======== Recorded information

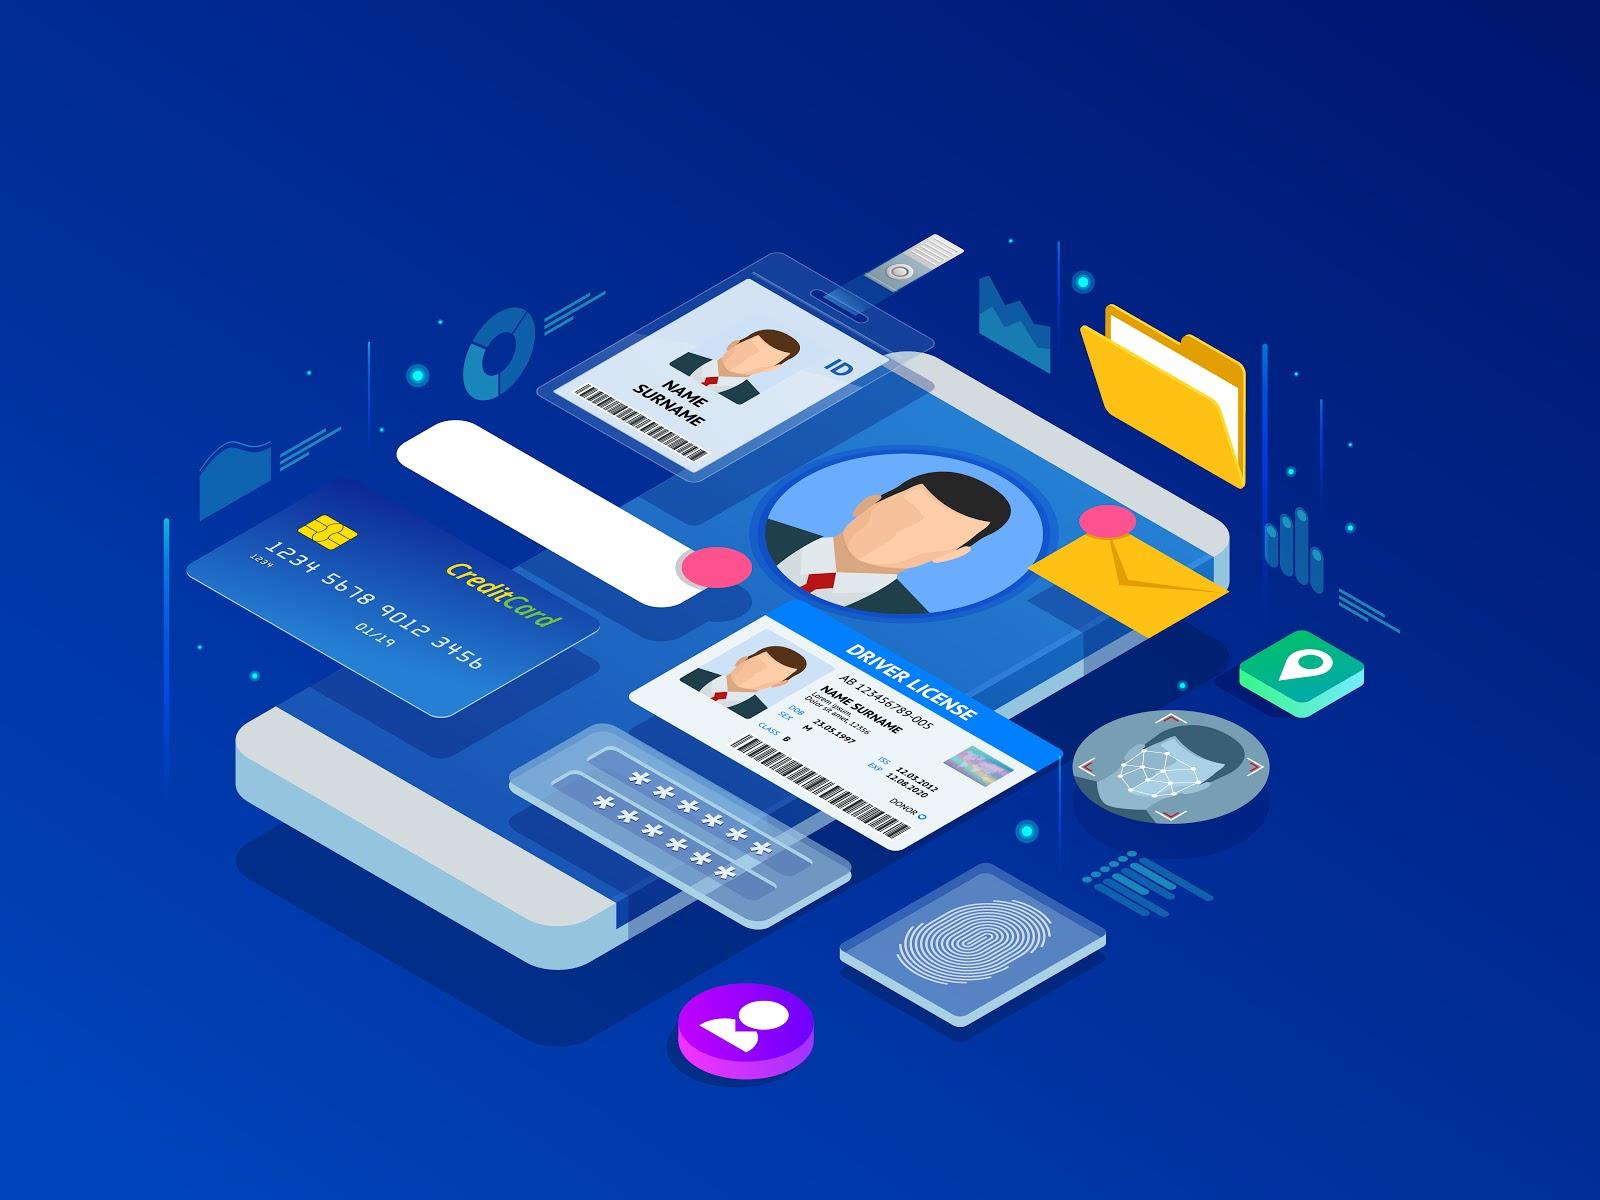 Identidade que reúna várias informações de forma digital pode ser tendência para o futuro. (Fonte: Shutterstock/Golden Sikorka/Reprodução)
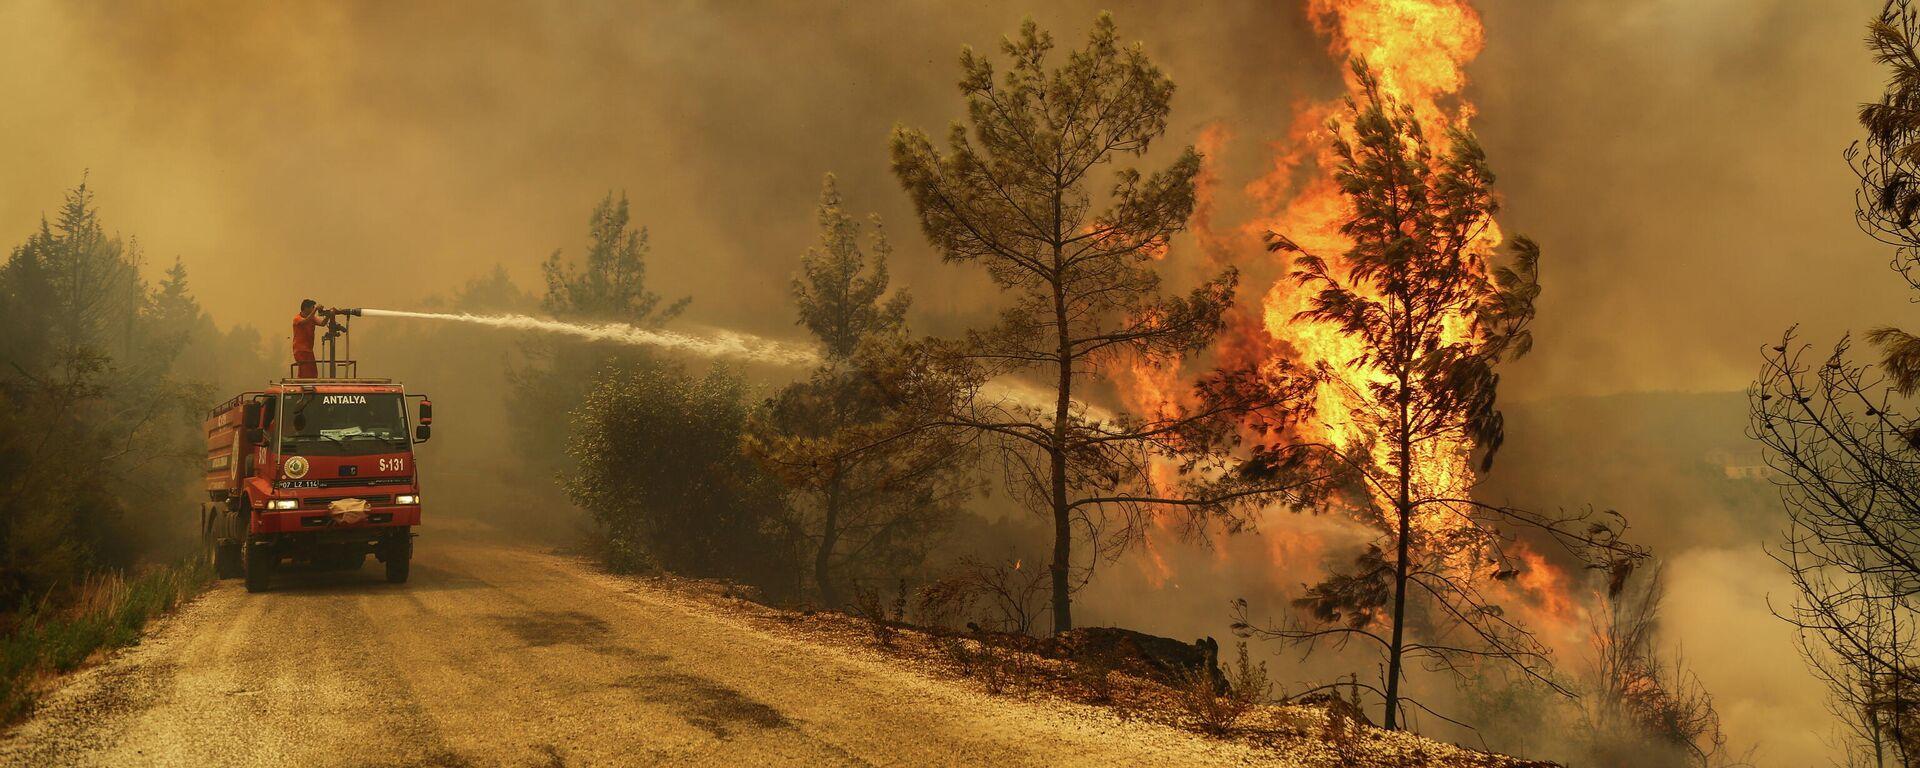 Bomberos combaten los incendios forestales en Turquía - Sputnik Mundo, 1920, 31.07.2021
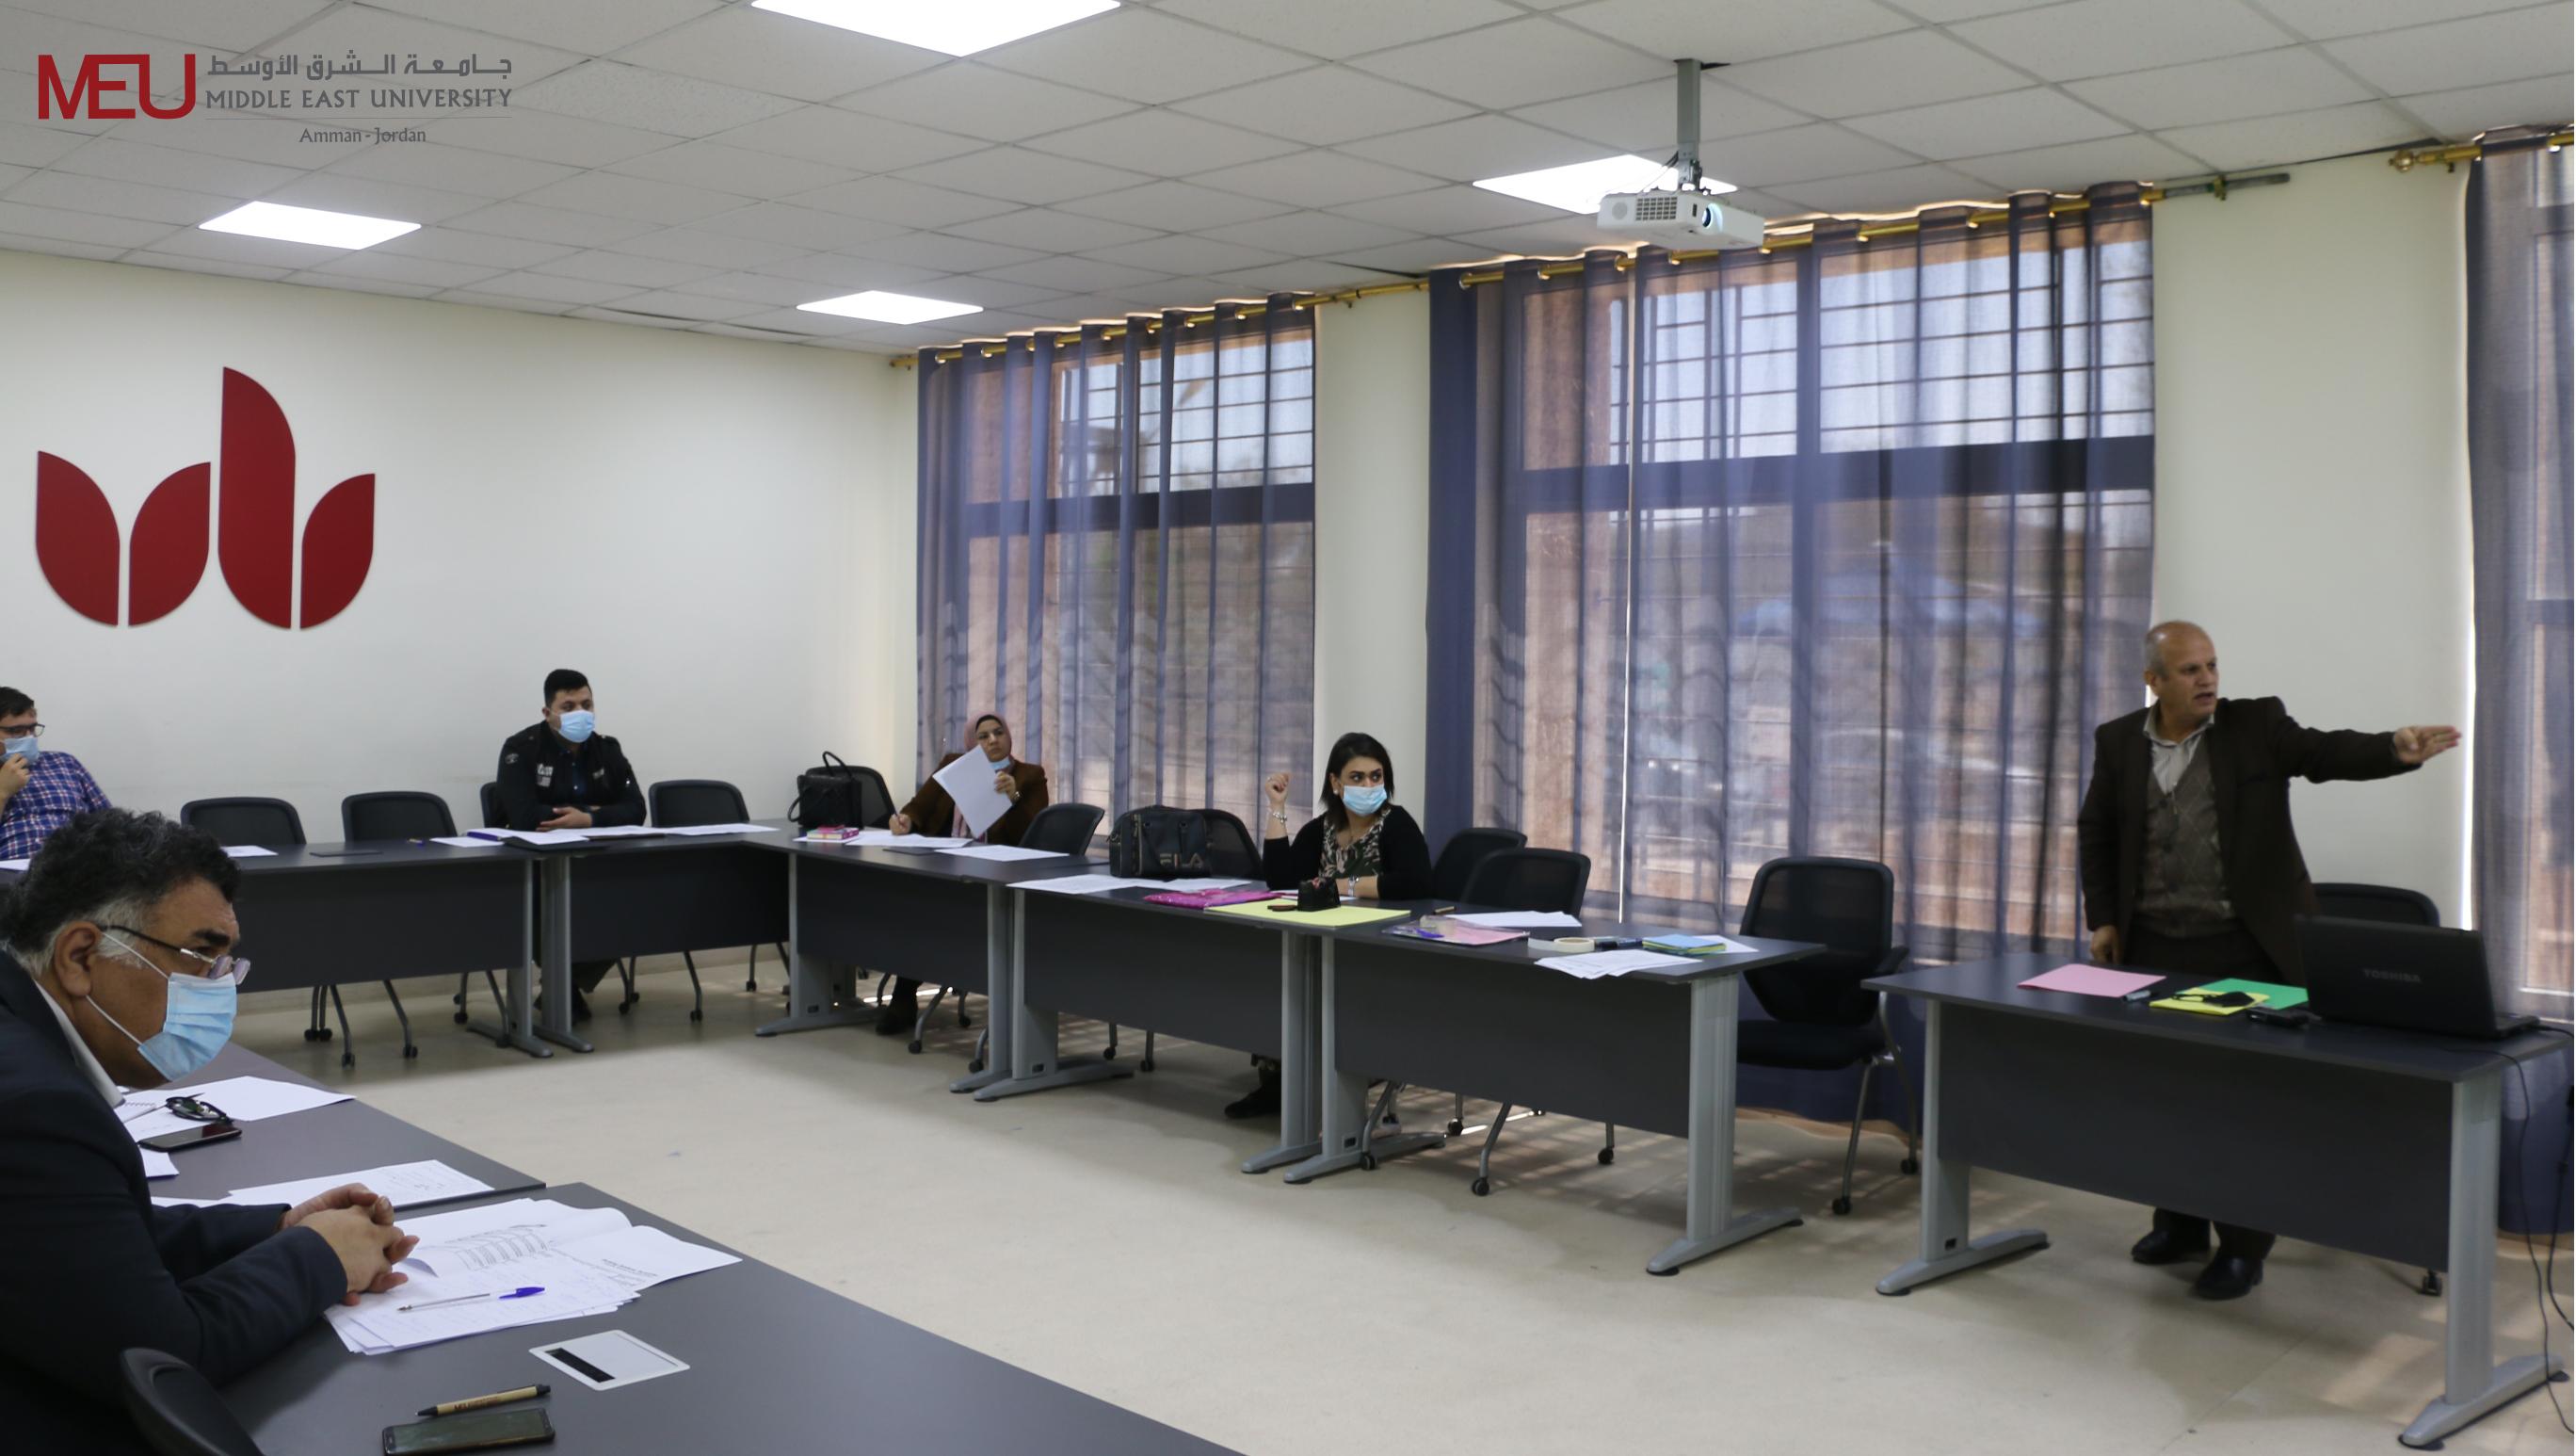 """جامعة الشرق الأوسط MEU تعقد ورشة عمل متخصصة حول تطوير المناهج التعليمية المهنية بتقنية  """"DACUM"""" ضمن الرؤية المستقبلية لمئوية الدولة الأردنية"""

================

(Task): Reprint the whole listing above exactly, taking out the pictures.

(Exercise output):
 Identidade que reúna várias informações de forma digital pode ser tendência para o futuro. (Fonte: Shutterstock/Golden Sikorka/Reprodução)
 Bomberos combaten los incendios forestales en Turquía - Sputnik Mundo, 1920, 31.07.2021
 """جامعة الشرق الأوسط MEU تعقد ورشة عمل متخصصة حول تطوير المناهج التعليمية المهنية بتقنية  """"DACUM"""" ضمن الرؤية المستقبلية لمئوية الدولة الأردنية"""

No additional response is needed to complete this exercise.